Tips and Recommendations

RAM Guide

Your Mac's unified memory determines which models you can run:

RAM	What You Can Run
16GB	Small models only (7B-4bit). Tight.
32GB	7B-8bit or 13B-4bit comfortably
64GB	Qwen3-Coder-30B-8bit (sweet spot)
96GB+	Qwen3-Coder-Next-4bit, or multiple models

Rule of thumb: the model should use at most 75% of your RAM so macOS and other apps still have room.

MoE vs Dense Models

This is an important concept for choosing models:

Dense models (like Qwen2.5-72B) activate every parameter for every token. If the model has 72 billion parameters, all 72 billion participate in every calculation. Accurate, but slow.

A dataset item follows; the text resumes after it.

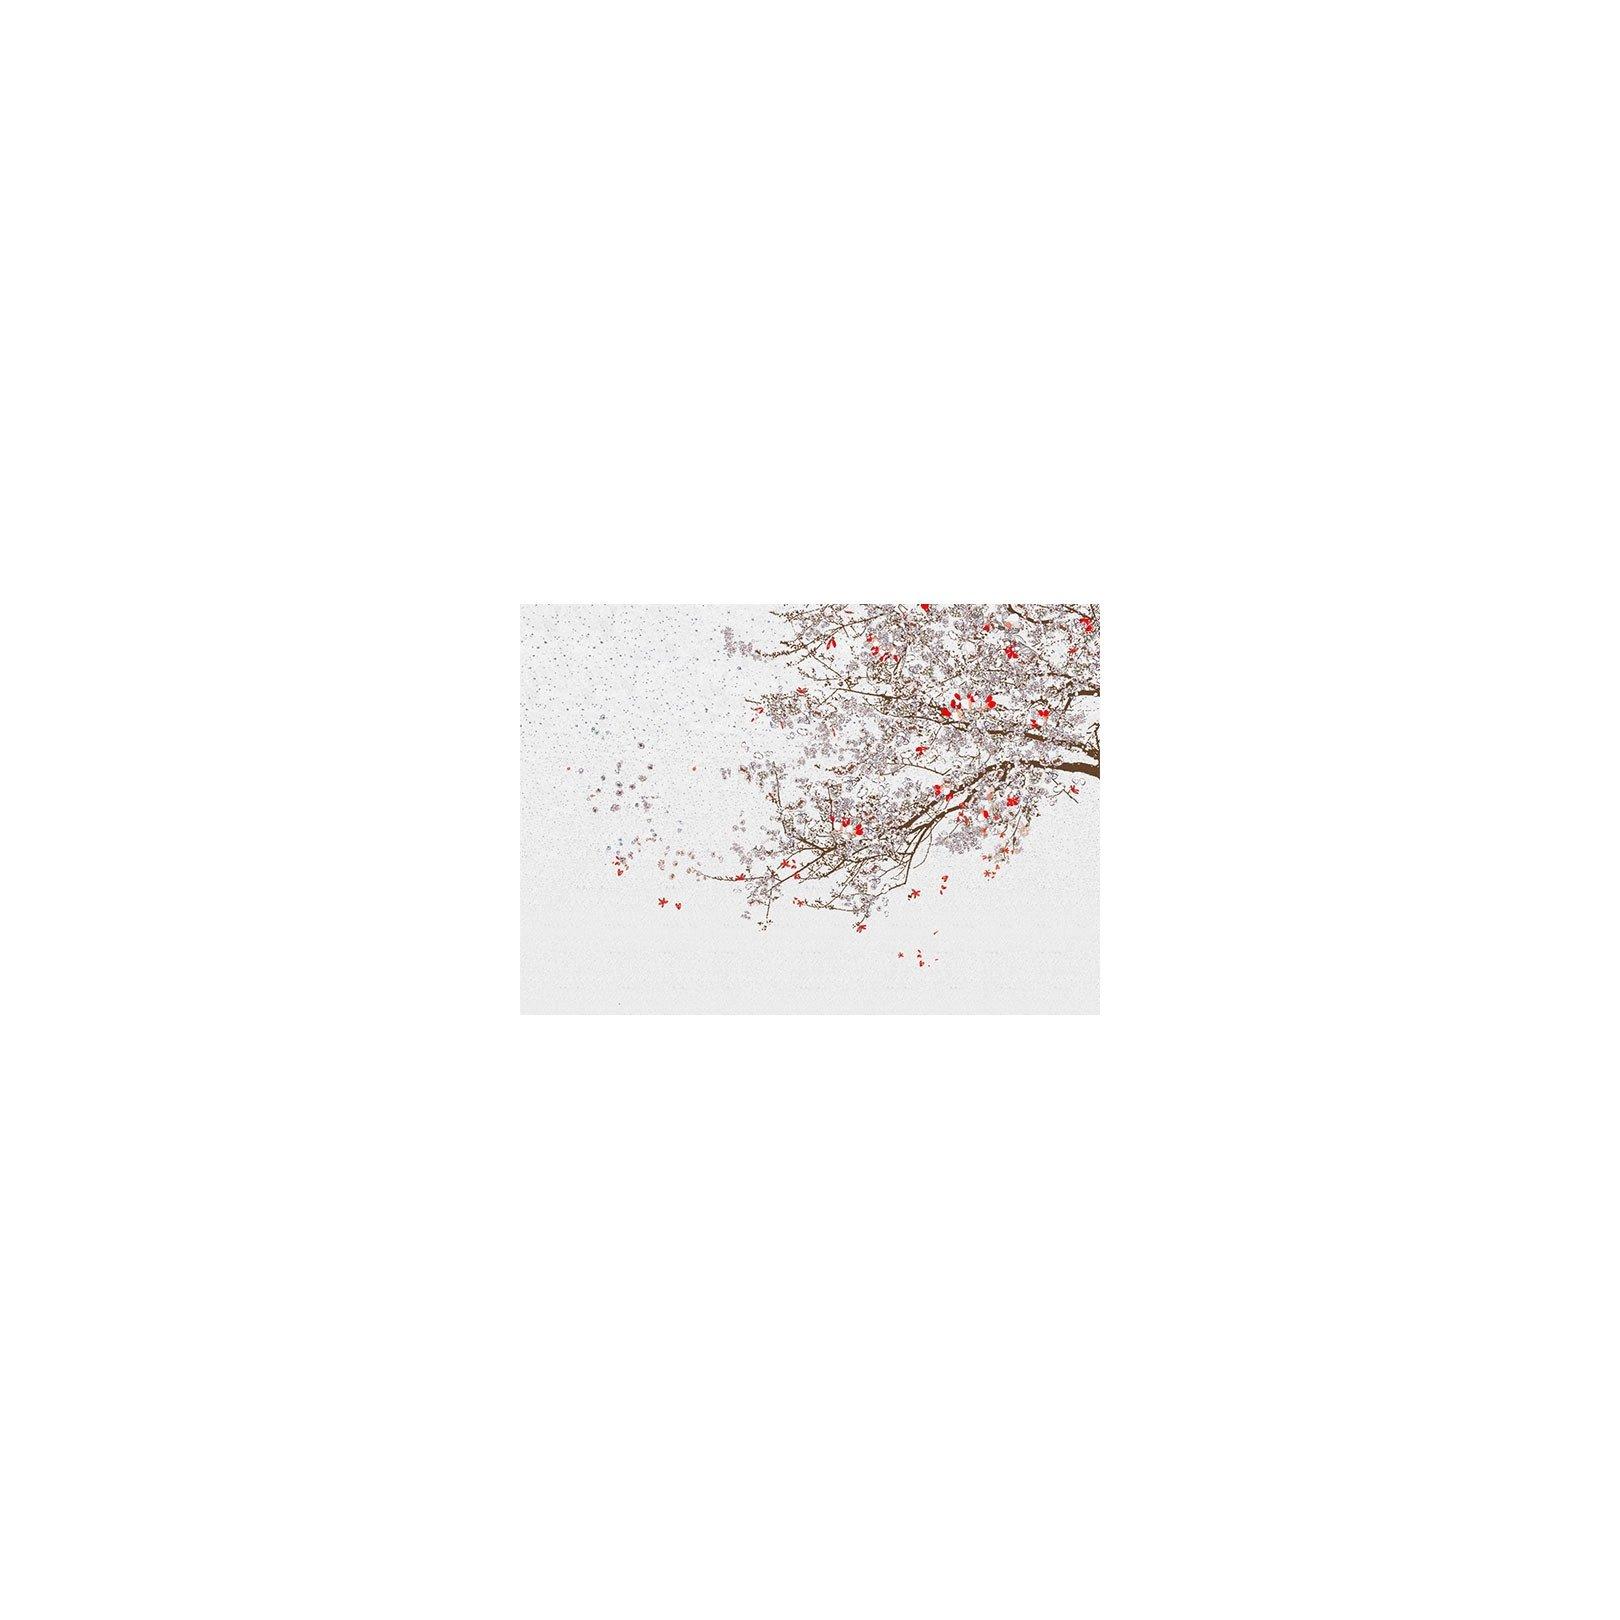 Décor mural - Wall & Deco - Momo - Rouge et blanc

Mixture of Experts (MoE) models (like Qwen3-Coder-30B) have many parameters but only activate a small subset per token. Qwen3-Coder-30B has 30B total parameters but only 3B active at any time. This means:

Speed comparable to a 3B dense model
Quality closer to a 30B dense model
Same RAM usage as loading the full 30B (all parameters must be in memory, even if only some are used per token)

For local inference, MoE models are the way to go. You get much better speed-to-quality ratio.

Before You Download a Model, Check These

Does mlx-lm have a tool parser for it? Check mlx_lm/tool_parsers/ in your install. No parser = no tool calling.
Is it a coding model? General chat models tend to struggle with the precise, multi-step tool-use patterns that coding assistants require.
MoE or Dense? For interactive use, strongly prefer MoE.
What quantization? 4-bit uses less RAM but lower quality. 8-bit is a good balance. Check if the RAM fits your machine.
Is the tool_parser_type correct? After downloading, peek at the model's tokenizer_config.json to make sure the parser type matches what the model actually outputs.

Debugging Tips

Model stuck in loops? The model may not be good enough for agentic coding. Try a different one.
"Model does not support tool calling"? No parser available for this model architecture in your version of mlx-lm.
JSON decode errors on tool calls? Likely a parser mismatch. Check tool_parser_type in the model's tokenizer_config.json.
Very slow responses? Probably a dense model that's too large. Switch to a MoE model or use a smaller/more quantized variant.
Model loads but OpenCode can't connect? Make sure the server is running on the same port OpenCode is configured to use (default: 8080).

Conclusion

Running a local LLM as your AI coding assistant is absolutely doable on Apple Silicon. The key ingredients:

mlx-lm to serve the model on your Mac's GPU
OpenCode as the agentic coding interface
The right model --Qwen3-Coder-30B for the sweet spot, or Qwen3-Coder-Next if you have the RAM

The setup isn't plug-and-play (yet). You'll need to understand the three-layer architecture, check tool parser compatibility, and maybe fix a config file or two. But once it's running, you have a surprisingly capable AI coding assistant that's completely free, completely private, and completely local.

The models are getting better fast. What required an API call to Claude or GPT a year ago is now running on your laptop. It's a good time to start experimenting.